WHAT THE TASK ASKS: Set down, unchanged, the line holding "Enterreno - Fotos" and all lines that follow it to the end of the material, leaving pictures out.

RAW DATA:
- Opening Delimiter -
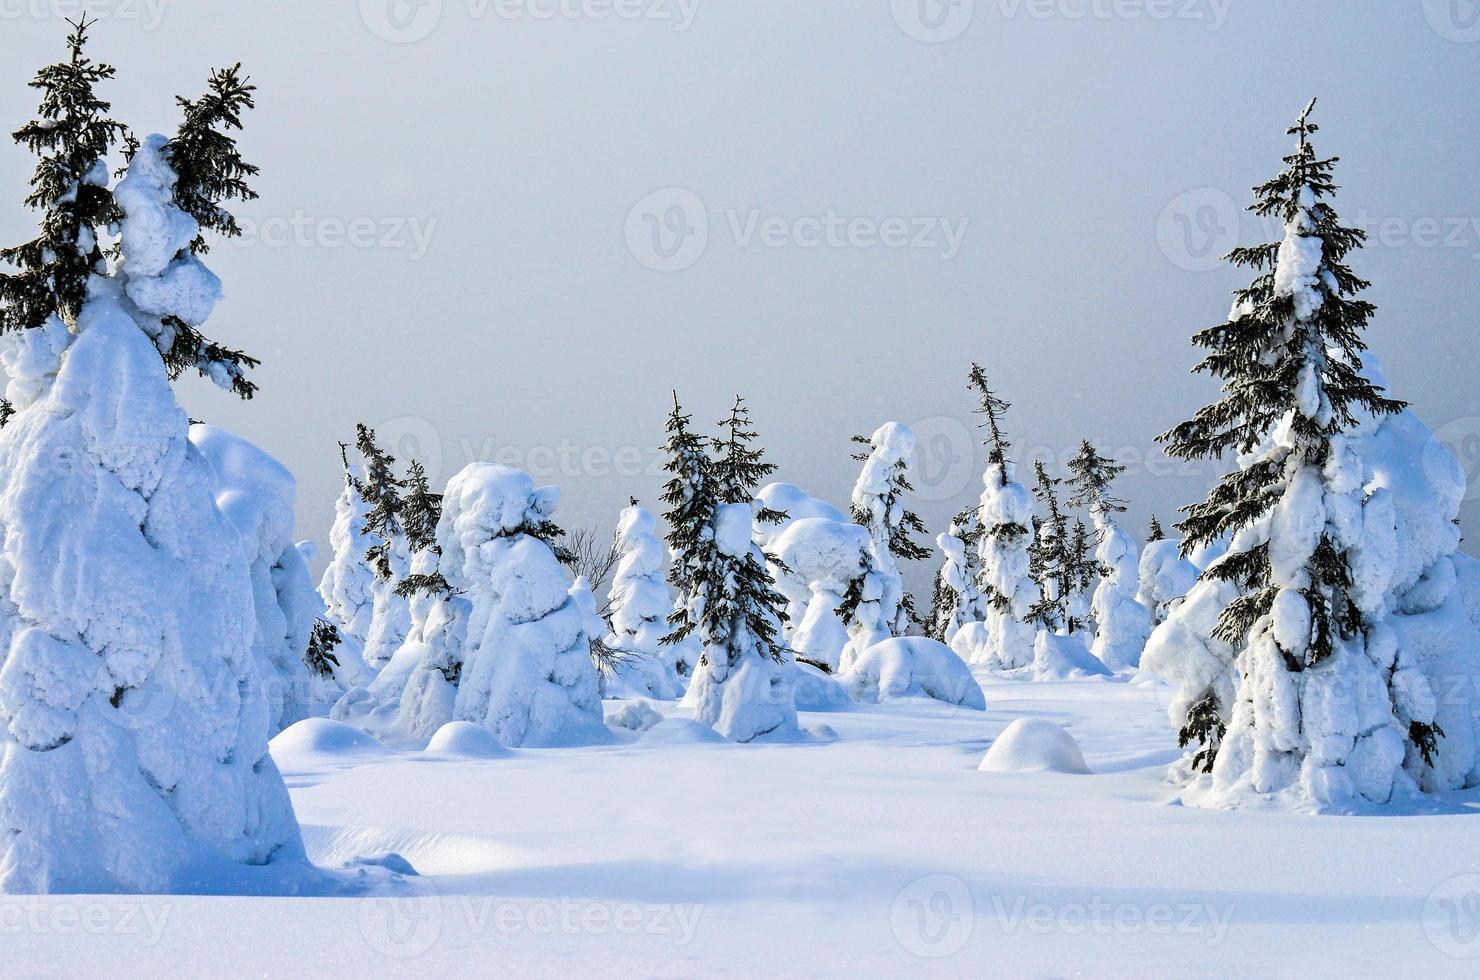 arbres dans la neige photo
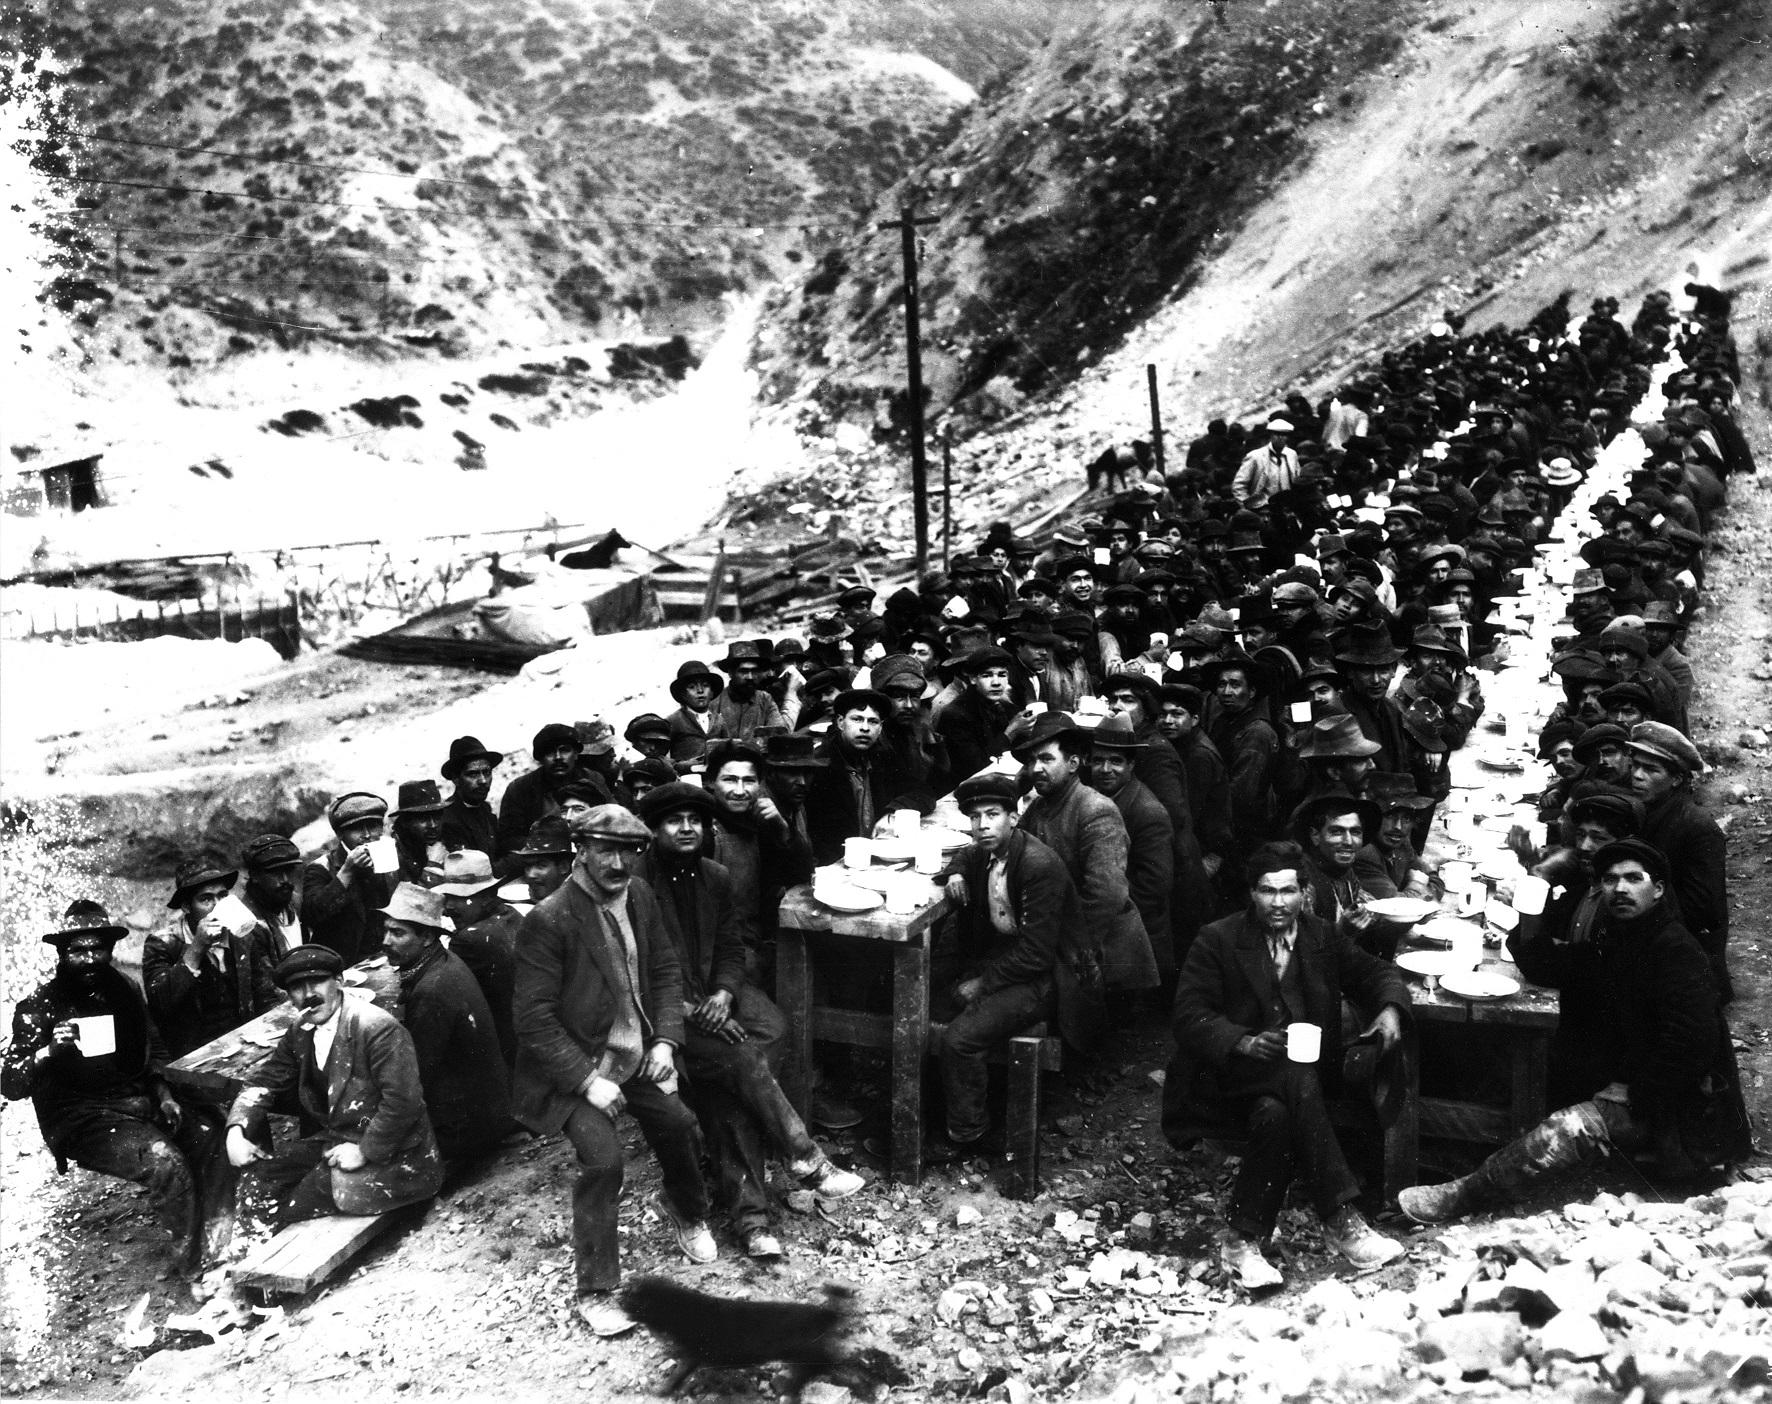 Enterreno - Fotos históricas de chile - fotos antiguas de Chile - Hora de almuerzo en Sewell, ca 1920
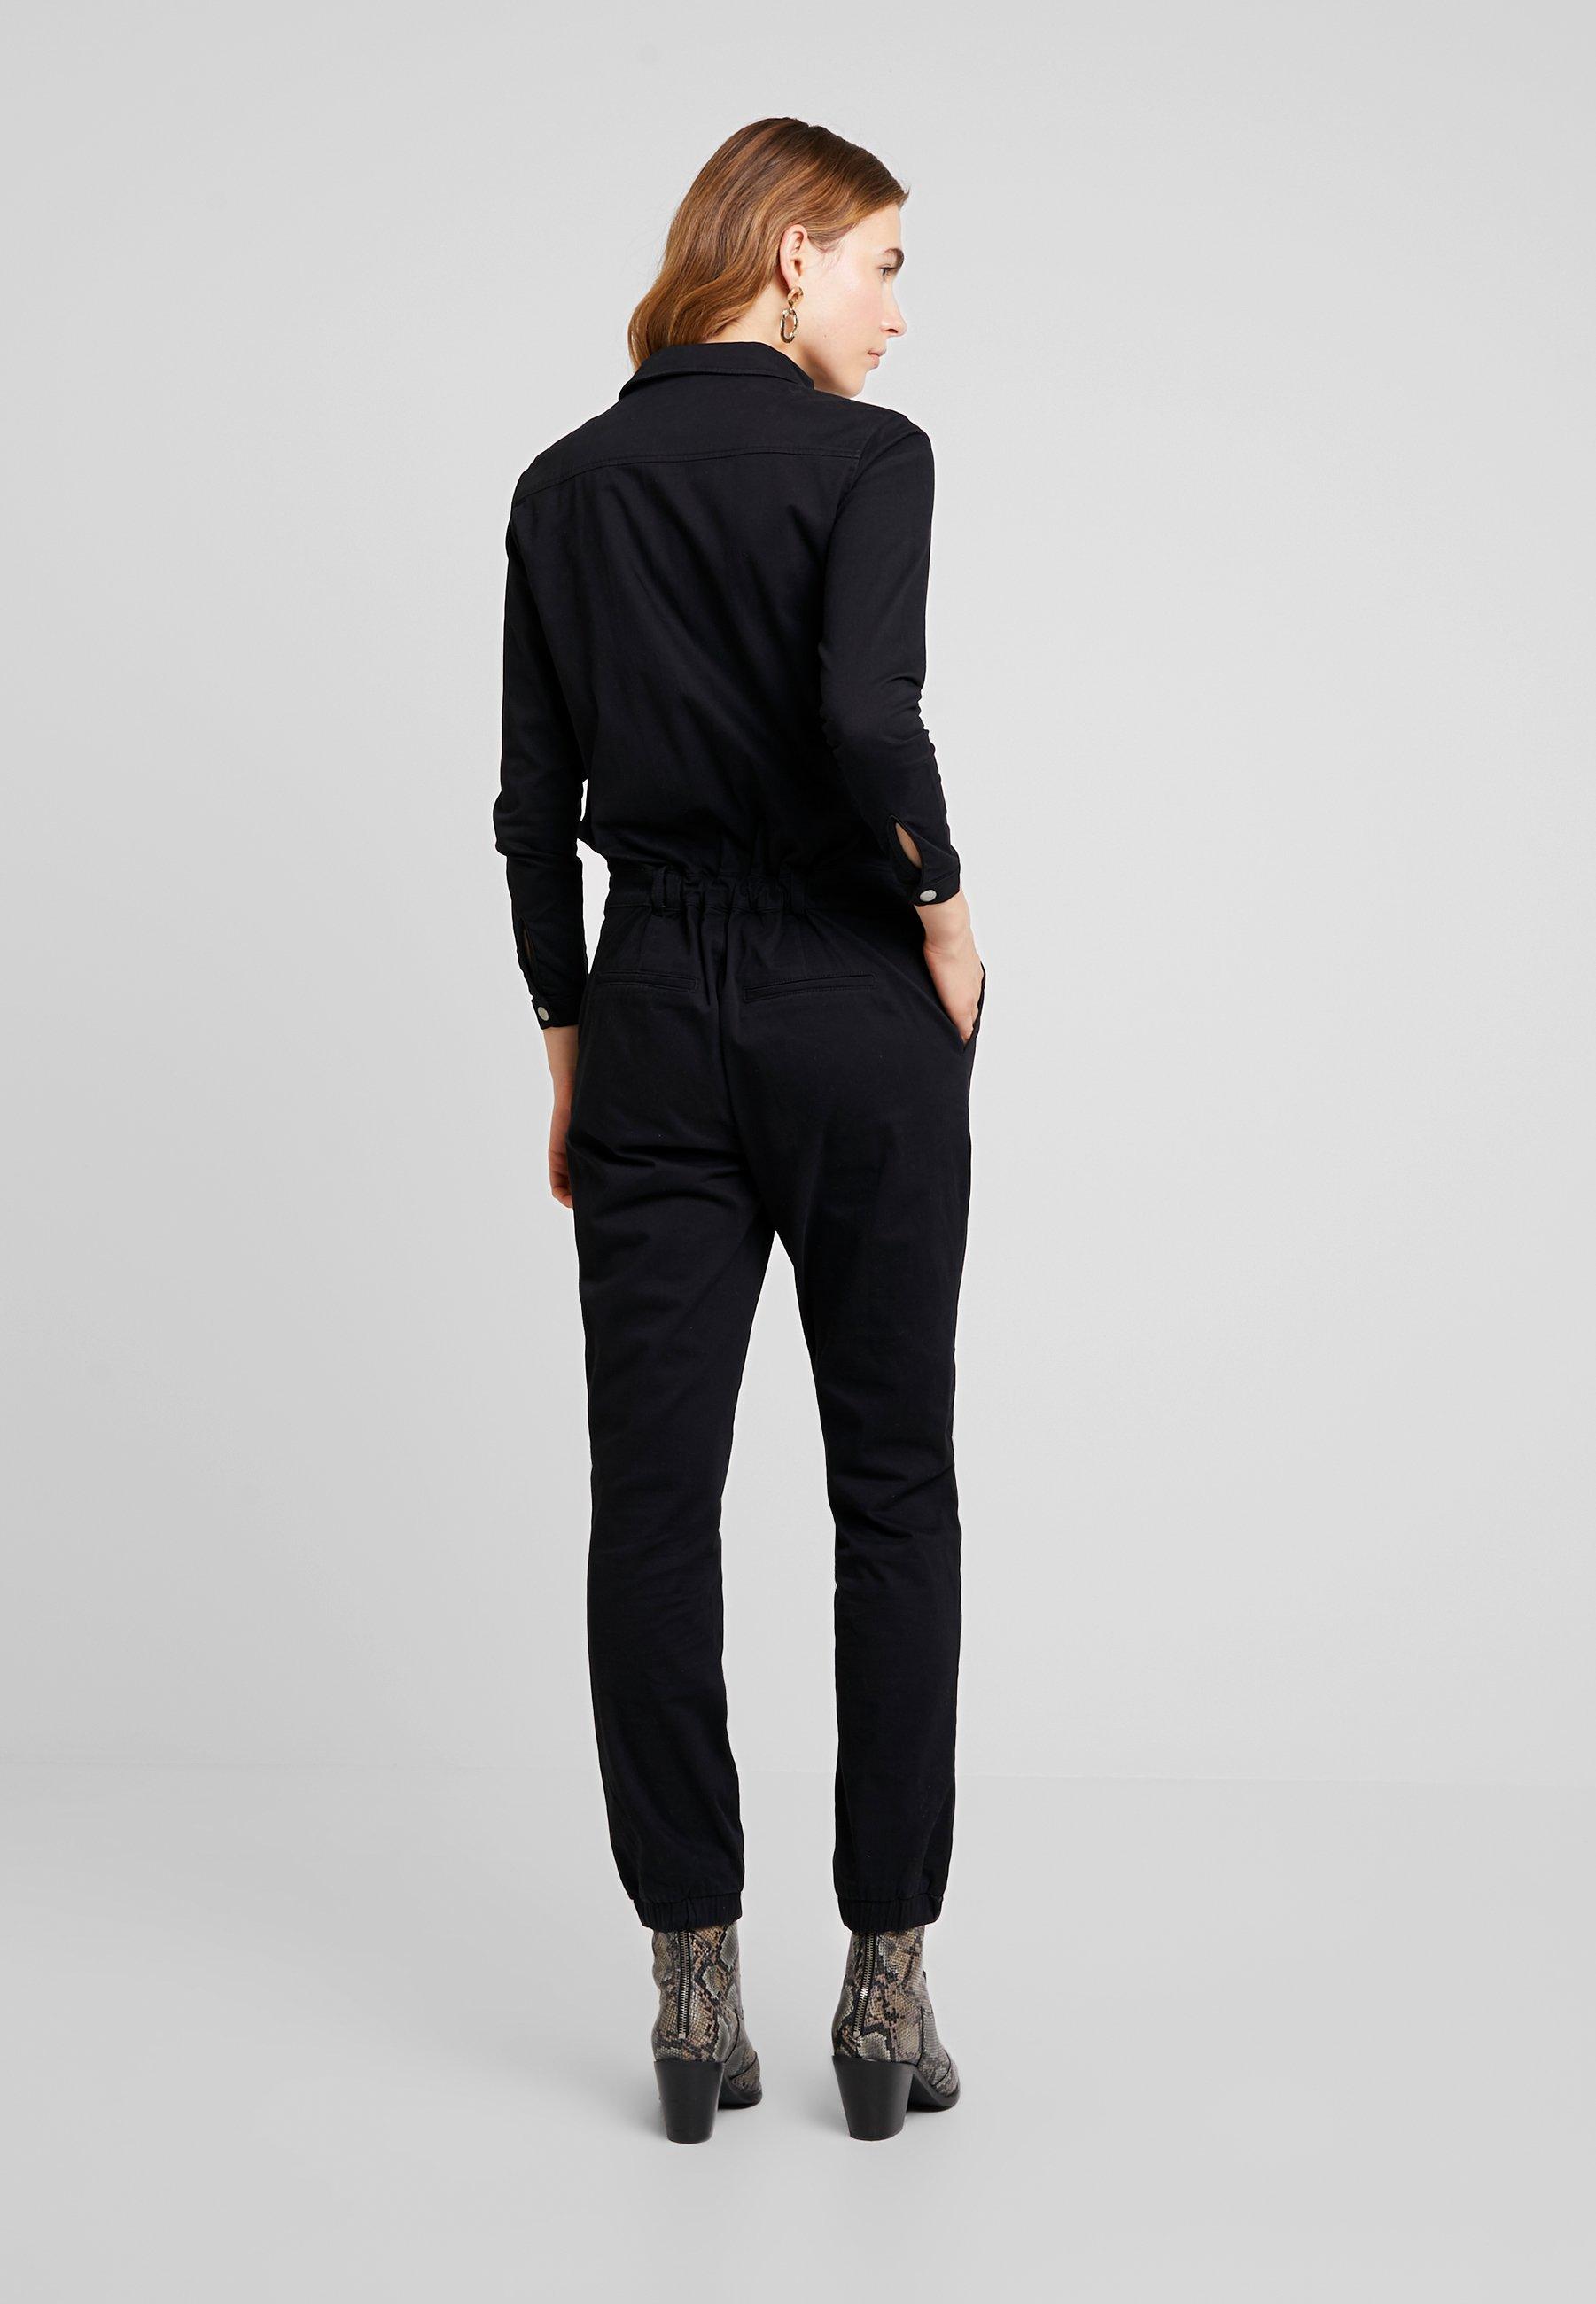 Miss Green UNDER THE BOARDWALK - Tuta jumpsuit black
- Closing Delimiter -
WRITTEN SOLUTION:
 Enterreno - Fotos históricas de chile - fotos antiguas de Chile - Hora de almuerzo en Sewell, ca 1920
 Miss Green UNDER THE BOARDWALK - Tuta jumpsuit black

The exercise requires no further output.